Беда пришла нежданно-негаданно. В их доме поселилась тетка жены Прасковья Клочко, убежденная пятидесятница. Ей удалось однажды заманить Варю на собрание, потом познакомить с проповедниками. Молодая женщина постепенно втянулась в общину. С тех пор ее как будто подменили. Исчезла прежняя жизнерадостность, она стала молчаливой и грустной. Следуя указаниям руководителей общины, Варя принялась приобщать к религии детей. Старшие дочери стали поговаривать о смерти… Как ни пытался муж вернуть жену и детей к нормальной жизни, ничего не помогало. Счастье из семьи ушло.
Такая же история произошла в семье Дмитрия Ильюши, Андрея Марченко и многих других честных тружеников.
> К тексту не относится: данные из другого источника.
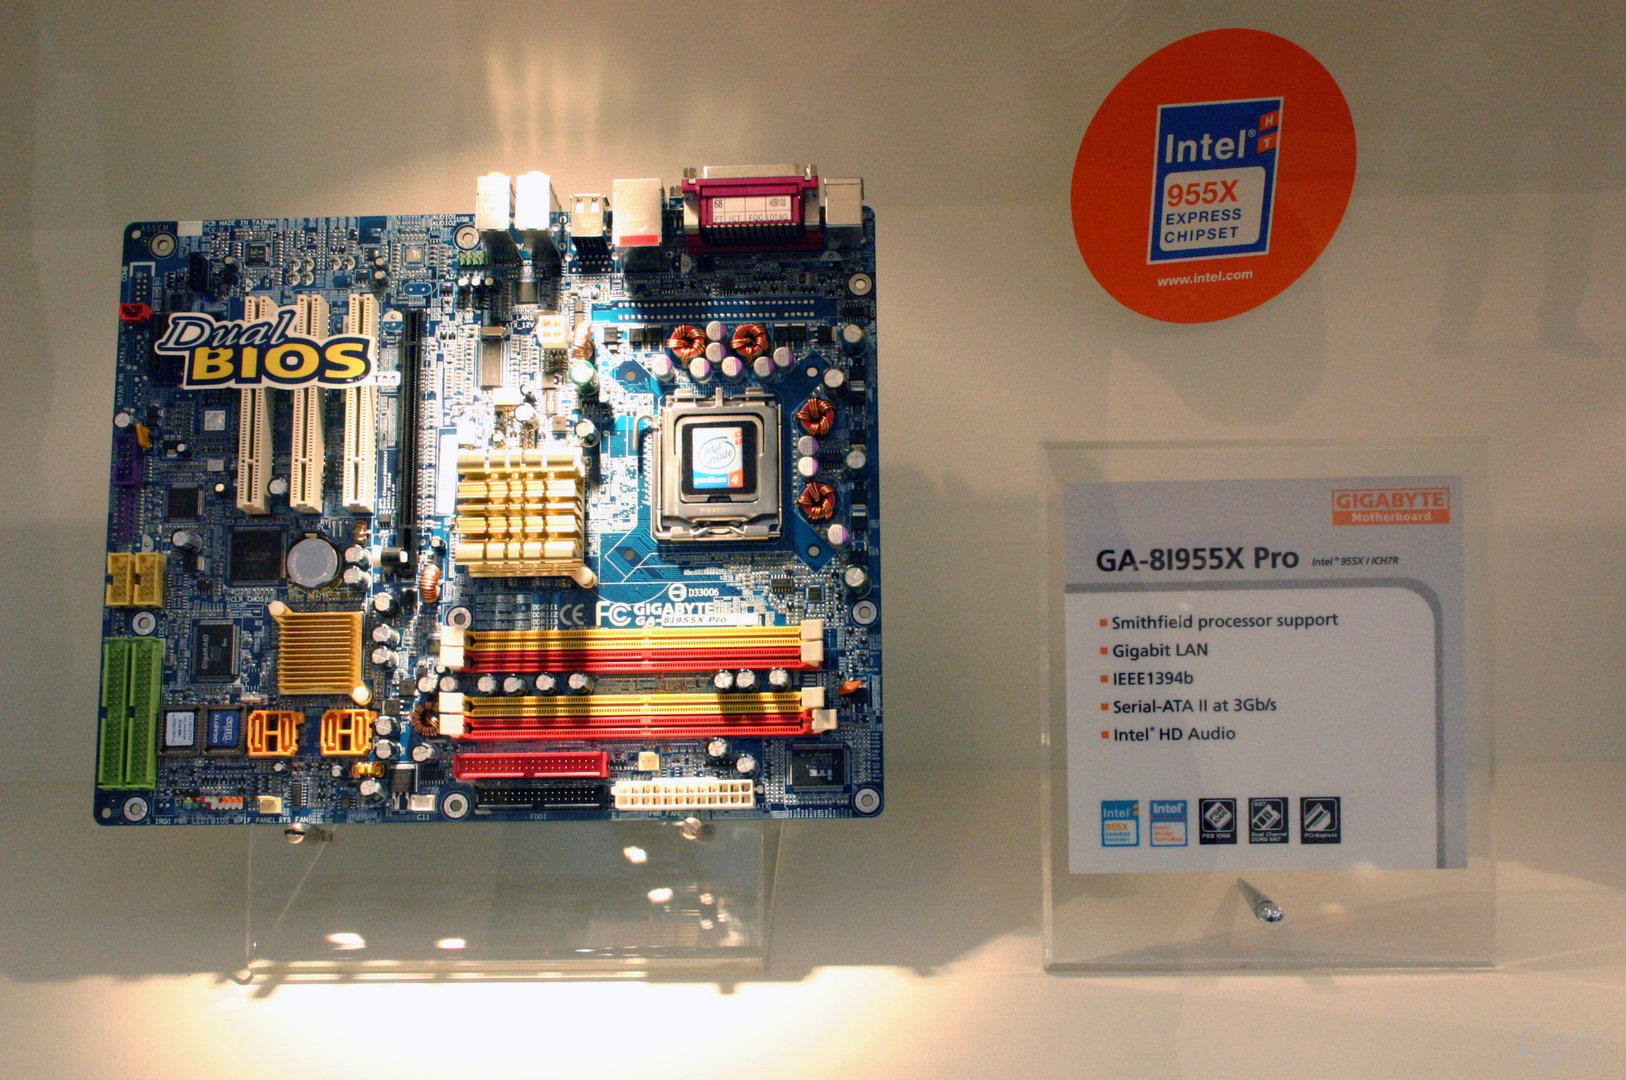 Gigabyte GA-8I955X Pro

Когда в газетах стали появляться взволнованные письма людей, у которых пятидесятники отняли радость семейной жизни, проповедники стали заявлять, что все это «клевета», за которую, дескать, «покарает безбожников господь», хотя они прекрасно знают, что люди пишут правду. Общественность справедливо возмущается их бессердечным вмешательством в личную жизнь граждан. Однако проповедники, потеряв всякую совесть, продолжают действовать по-прежнему, обливая грязью авторов газетных выступлений.
Я не сомневаюсь, что, читая и эти строки, руководители общины, как я уже писал в начале брошюры, наверное, сочиняют анафему своему бывшему «брату». Меня это не страшит. Люди должны знать о «трясунах» правду.
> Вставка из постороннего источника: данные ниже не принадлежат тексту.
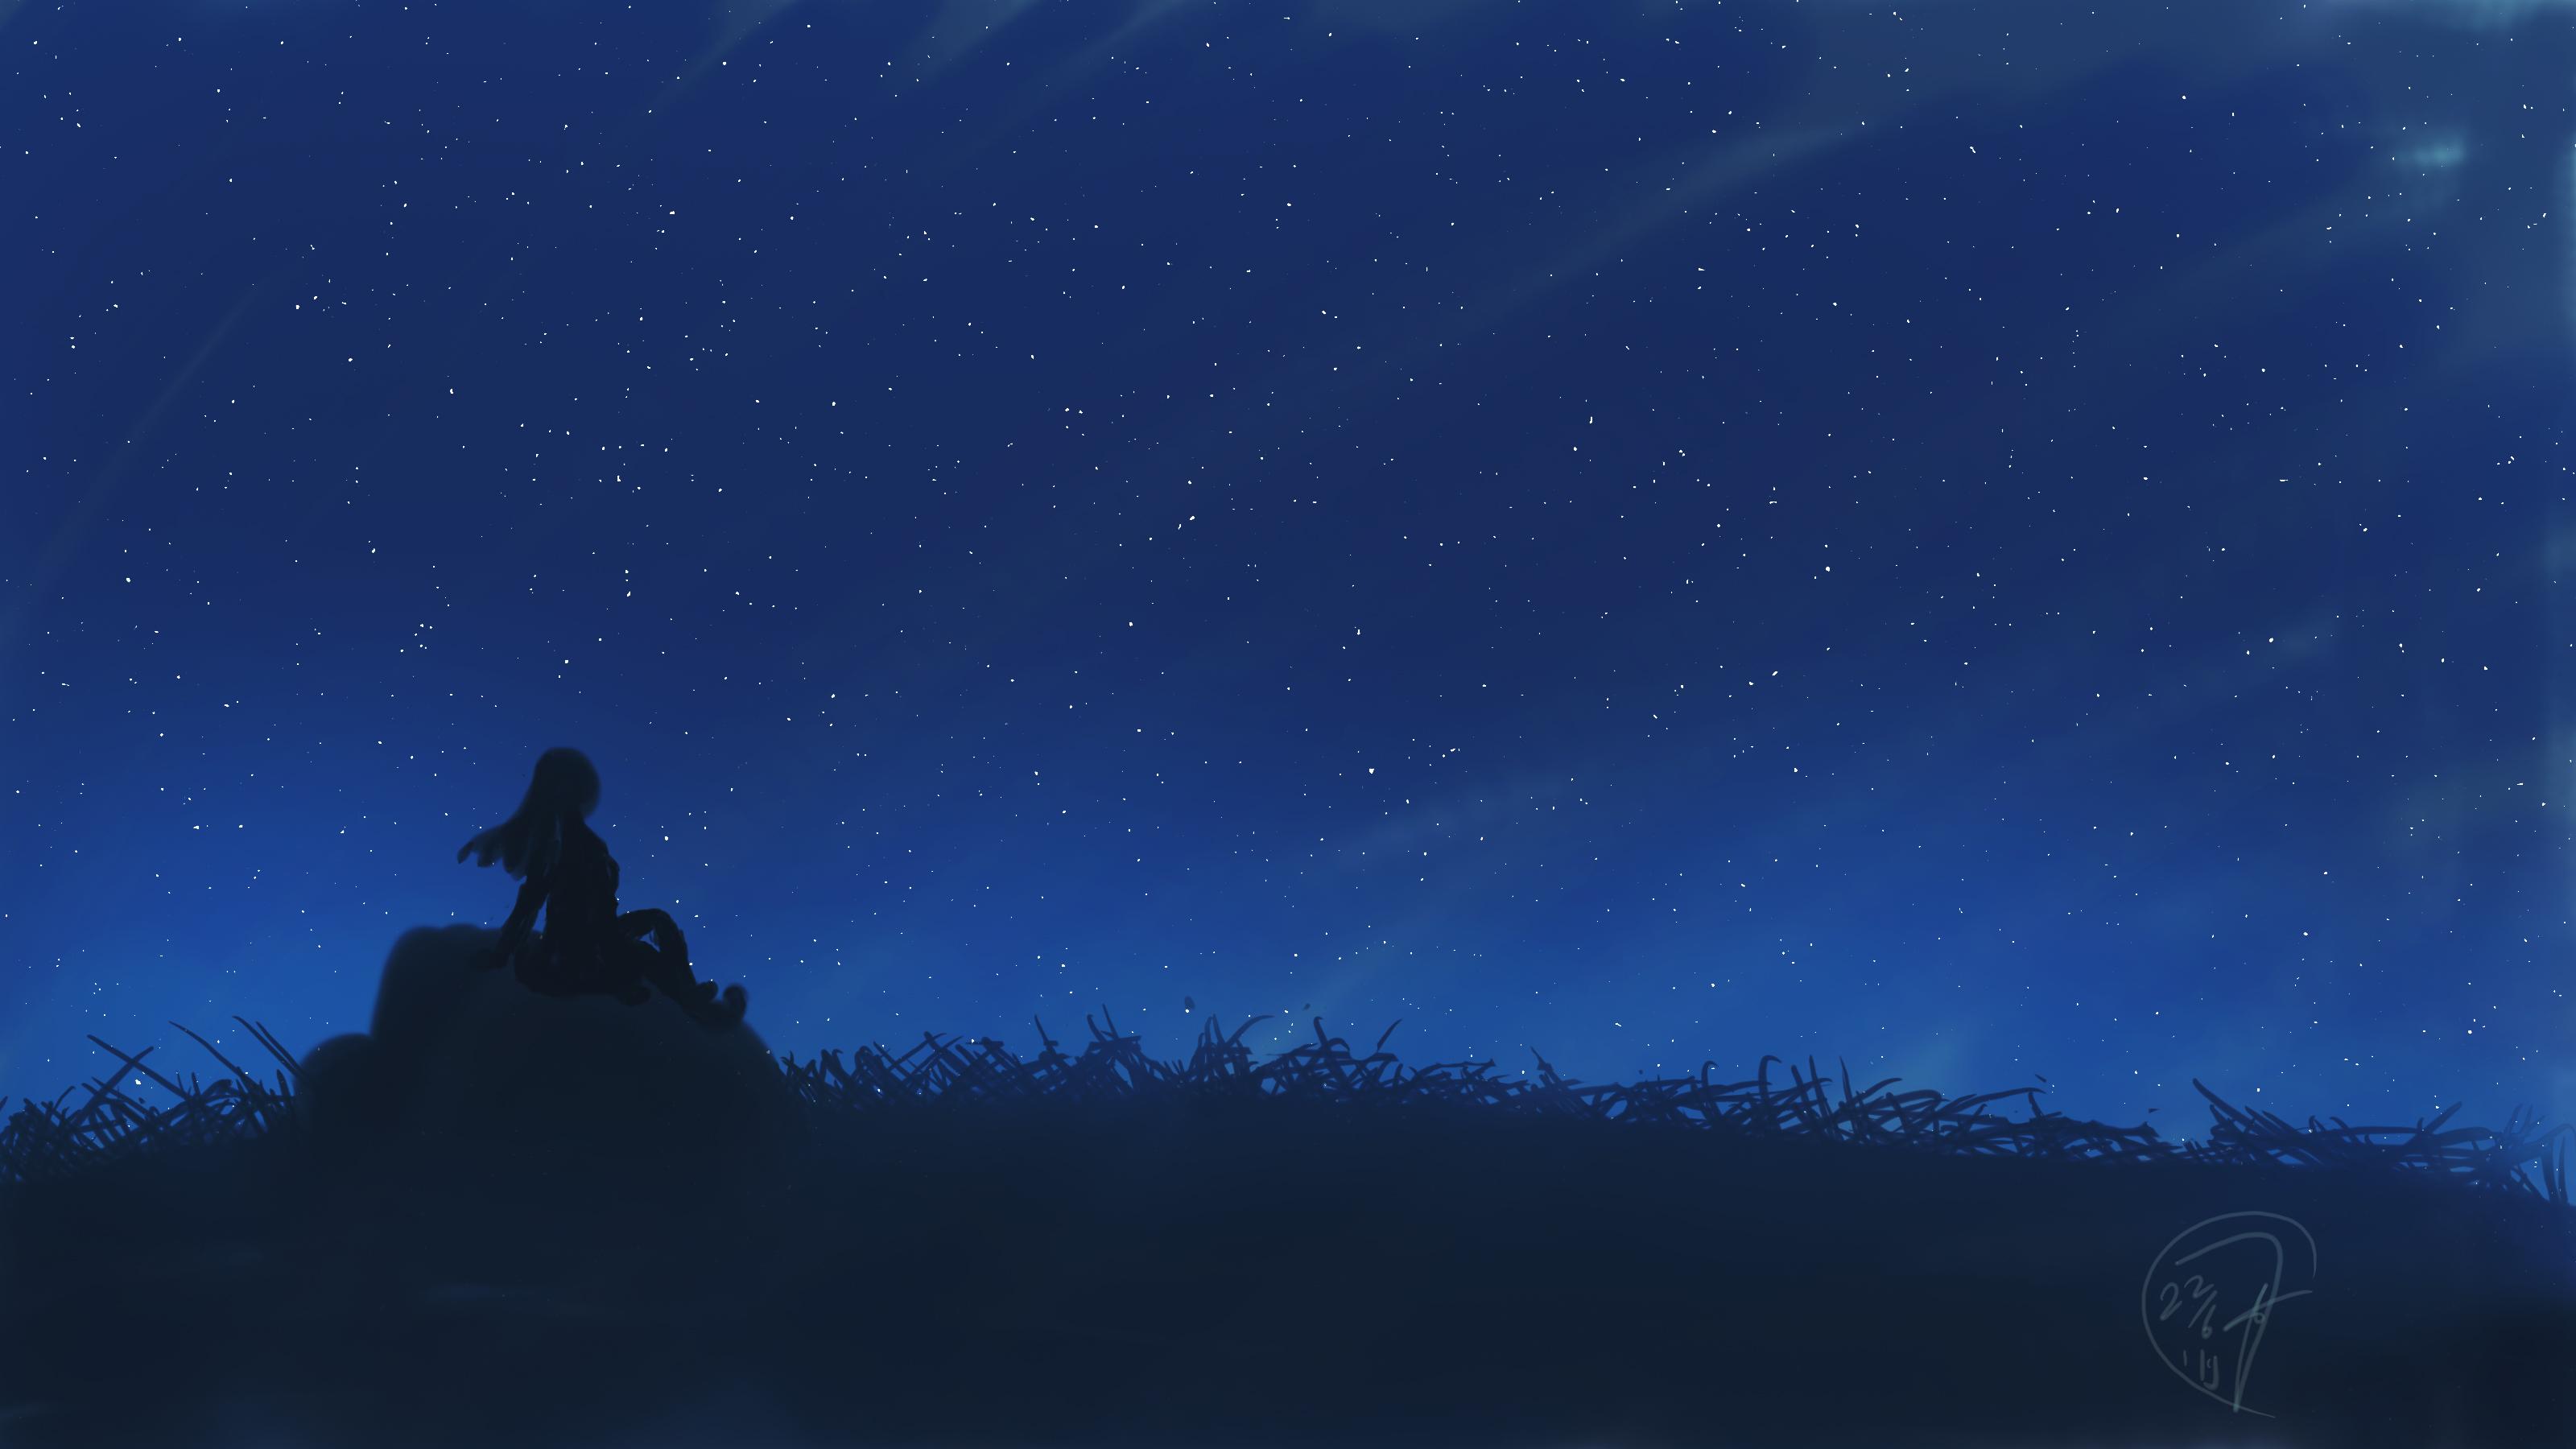 General 3200x1800 digital digital art artwork night sky skyscape nature silhouette women women outdoors blue stars starry night grass landscape rocks

Но продолжим рассказ о «нравственности» пятидесятников.
Мелкие дрязги, взаимное недоверие, склочничество, сплетни — обычные явления в душной, атмосфере сектантов, сторонящихся людей, живущих своим обособленным заплесневелым мирком.
В городе Токмаке произошло такое событие. Община разбирала «дело» Александра Жеребилова. Молодой парень женился на сектантке Вале Кривоплясовой. Молодые поселились у матери Вали. Теща стала прятать от зятя не только вещи, но и продукты питания. Однажды утром она обвинила Александра в воровстве: пропало сто рублей. Валентина тут же поддержала мать, и обе они набросились на Александра. Тот ушел из семьи. Впоследствии оказалось, что в пропаже денег парень был не виновен.
Жадность многих членов общины стала, что называется, «притчей во языцех». Когда семье Павла Иваненкова, приехавшего в Находку без копейки денег, решено было оказать помощь, это вызвало ожесточенные споры.
— Зачем ему деньги! Хотел ехать, пусть бы заработал! Нечего нам его детей кормить! — захлебывалась Прасковья Агеева. Ее поддержала моя мать, дед, Валя Кривоплясова и многие другие.
И это называется любовью к ближнему! Как же совместить такой эгоизм, такую неприкрытую скаредность с проповедью о всеобщей любви, о братстве? И не говоря уже о морали, — ведь у многих сектантов есть деньги на сберегательных книжках.
В тяжелом материальном положении оказалась после переезда в Находку семья регента Никифора Стаценко. Когда на собрании молятся за нуждающихся, Никифор заливается слезами, как ребенок. Все хорошо знают о бедственном положении семьи, но ни один не протянул ему руку помощи.
Ханжество, лицемерие, двоедушие — вот что насквозь пропитывает отношения между сектантами. На словах, в проповедях — одно, а на деле — совсем другое. «Своя рубашка ближе к телу» — вот истинная заповедь сектантов.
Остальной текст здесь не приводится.